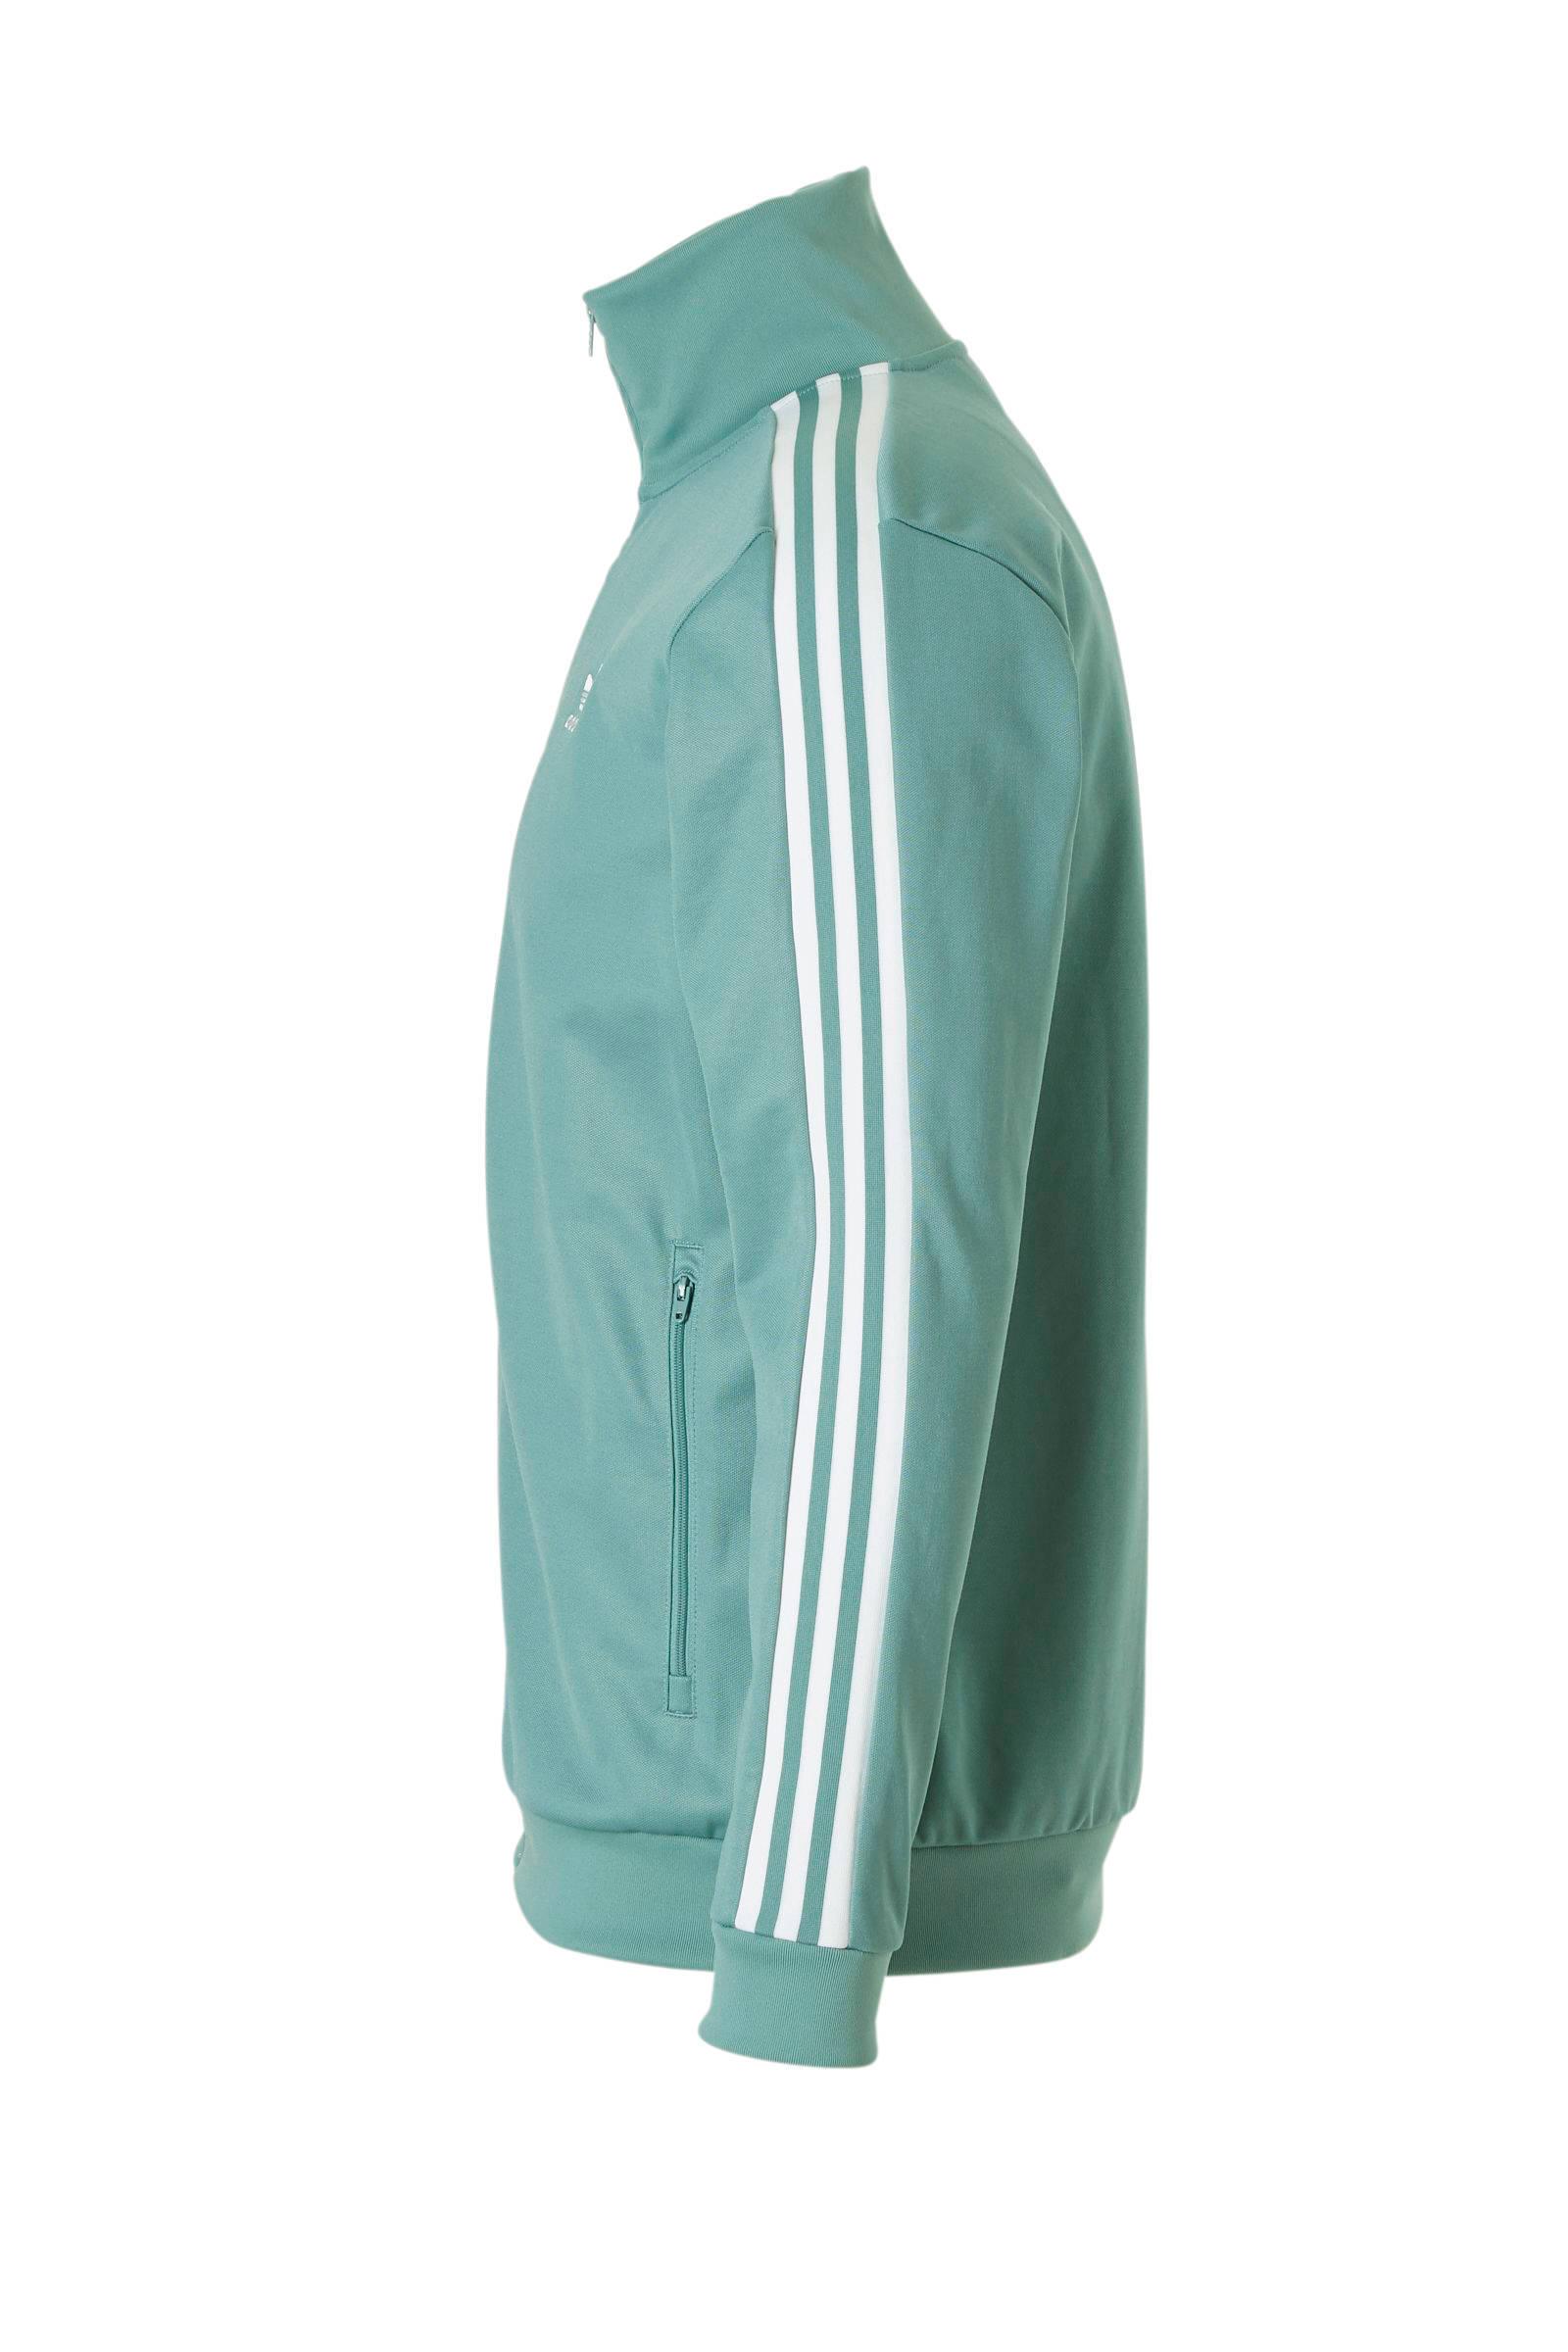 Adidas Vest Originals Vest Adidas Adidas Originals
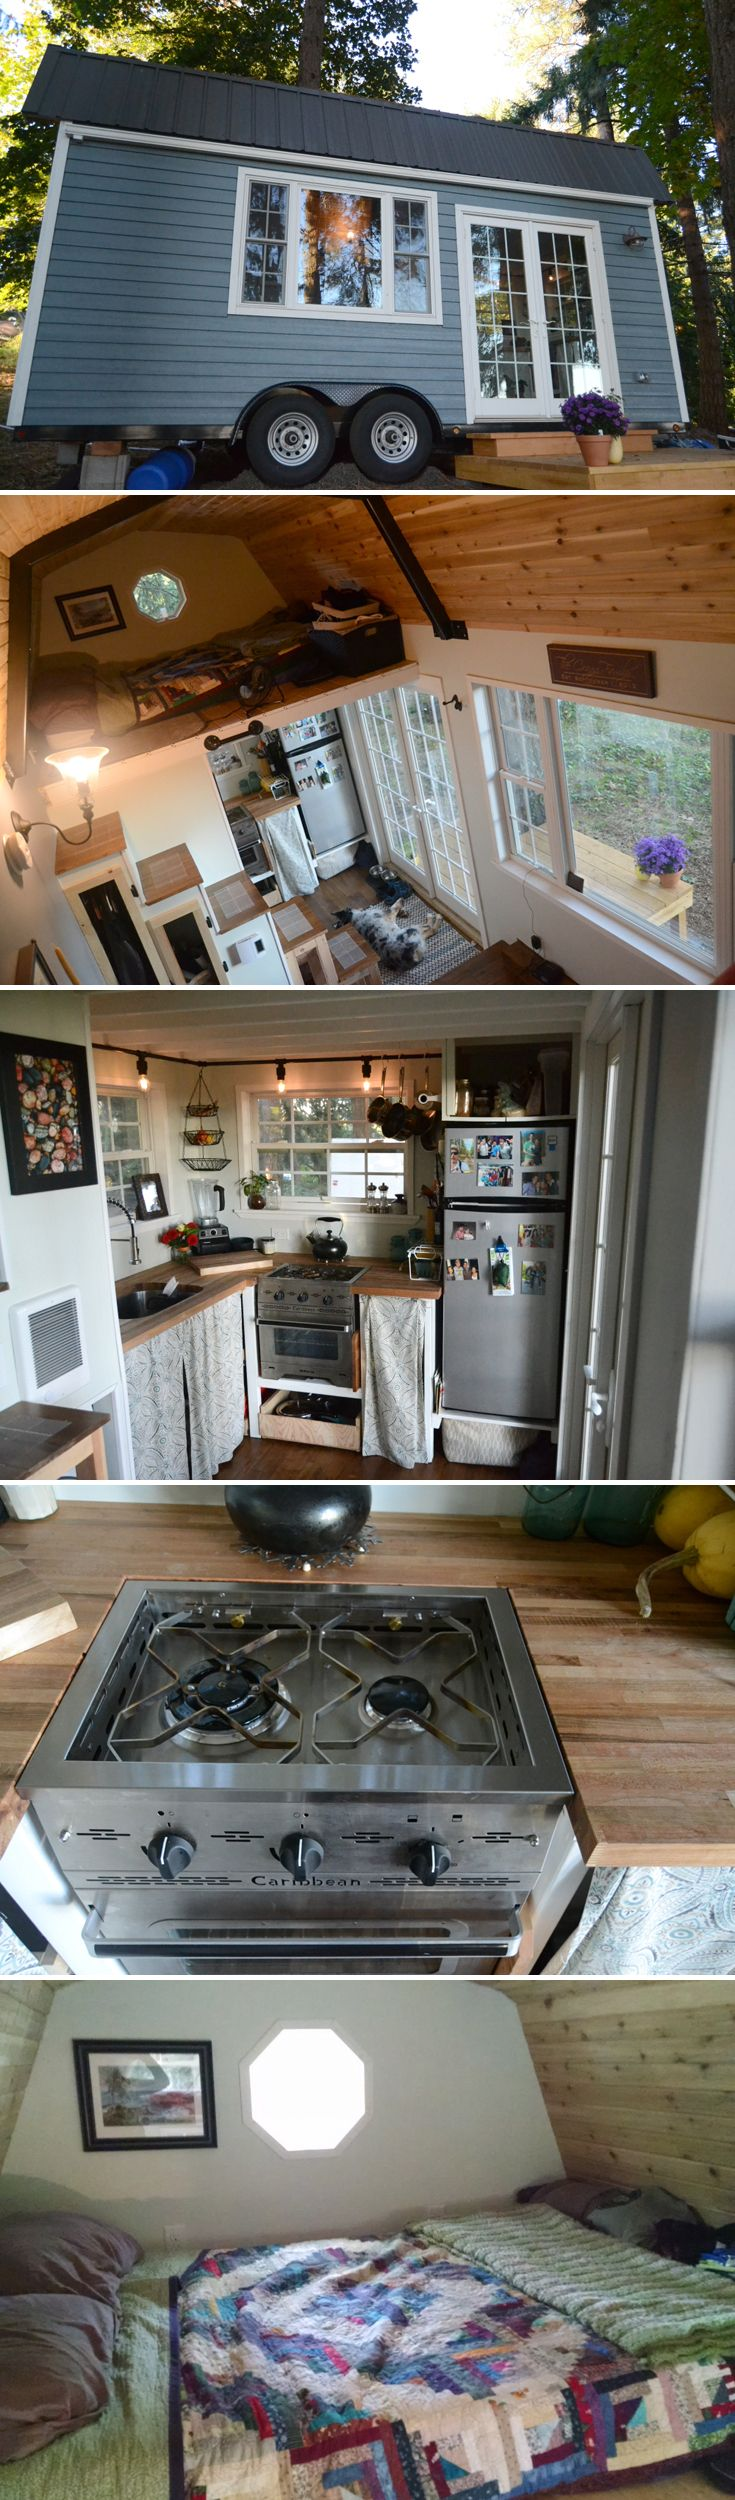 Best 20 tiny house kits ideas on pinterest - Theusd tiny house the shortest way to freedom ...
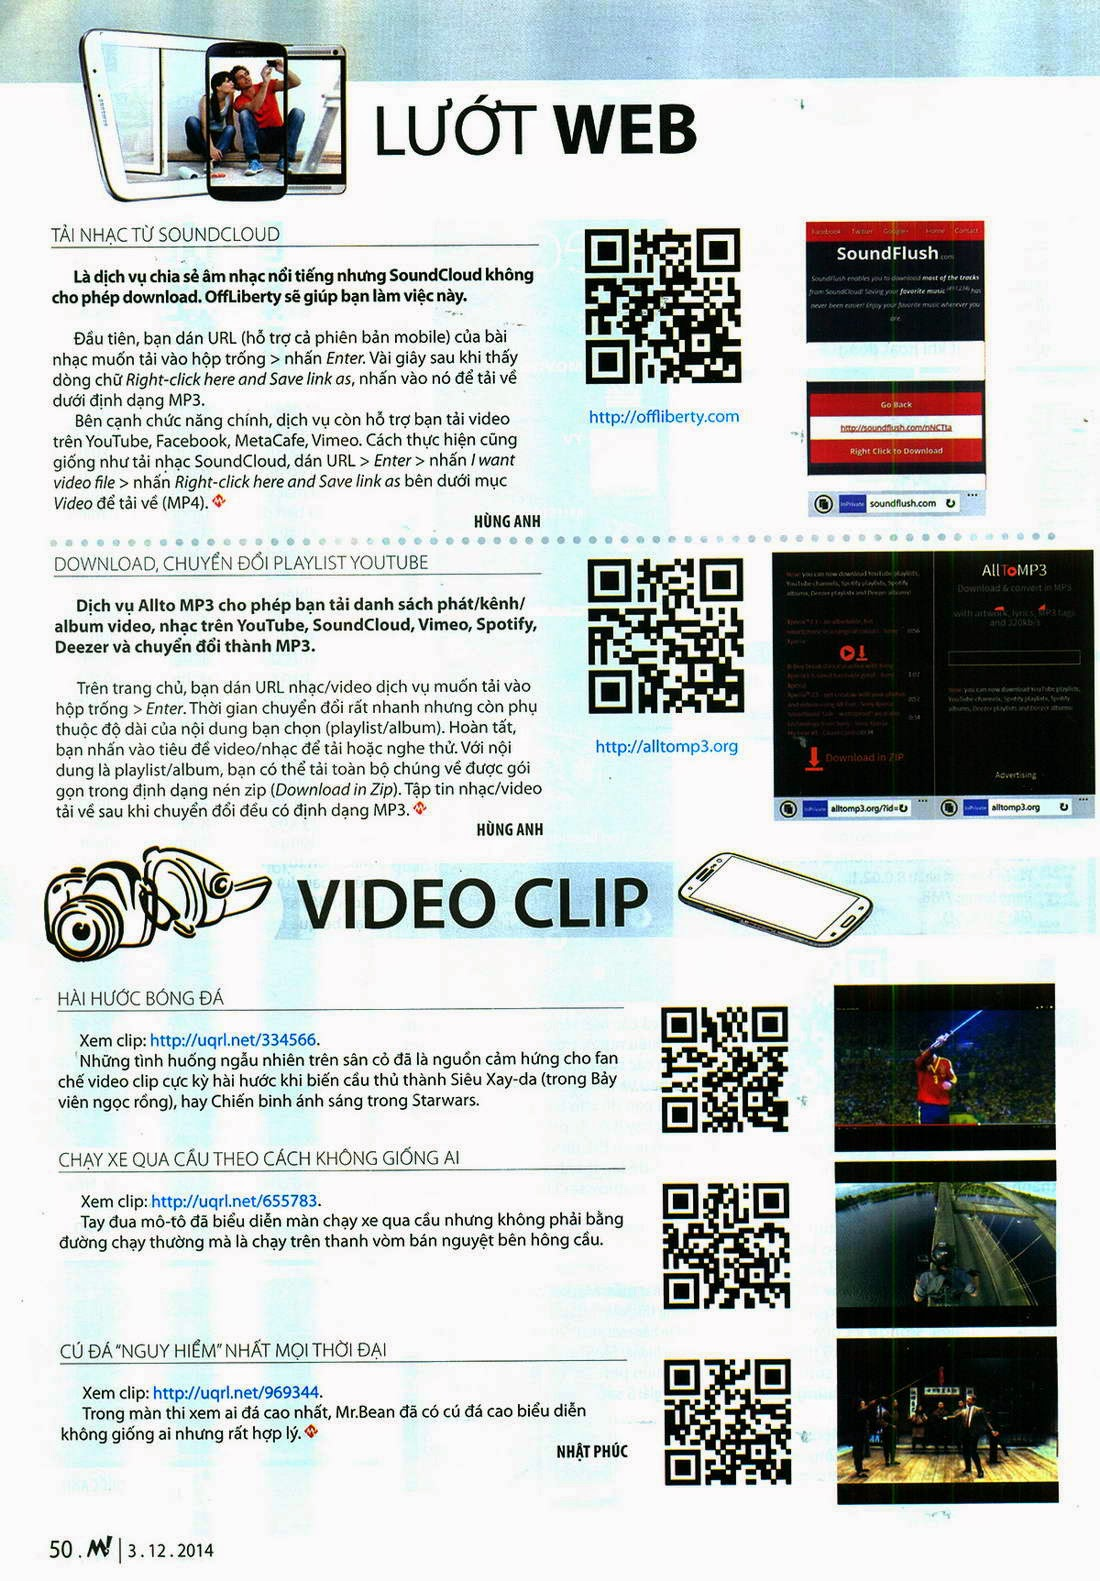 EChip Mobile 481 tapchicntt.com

** Your task **
The listing above should be repeated word for word, pictures removed.

** Solution for this problem **
 Adidas Vest Originals Vest Adidas Adidas Originals
 Best 20 tiny house kits ideas on pinterest - Theusd tiny house the shortest way to freedom ...
 EChip Mobile 481 tapchicntt.com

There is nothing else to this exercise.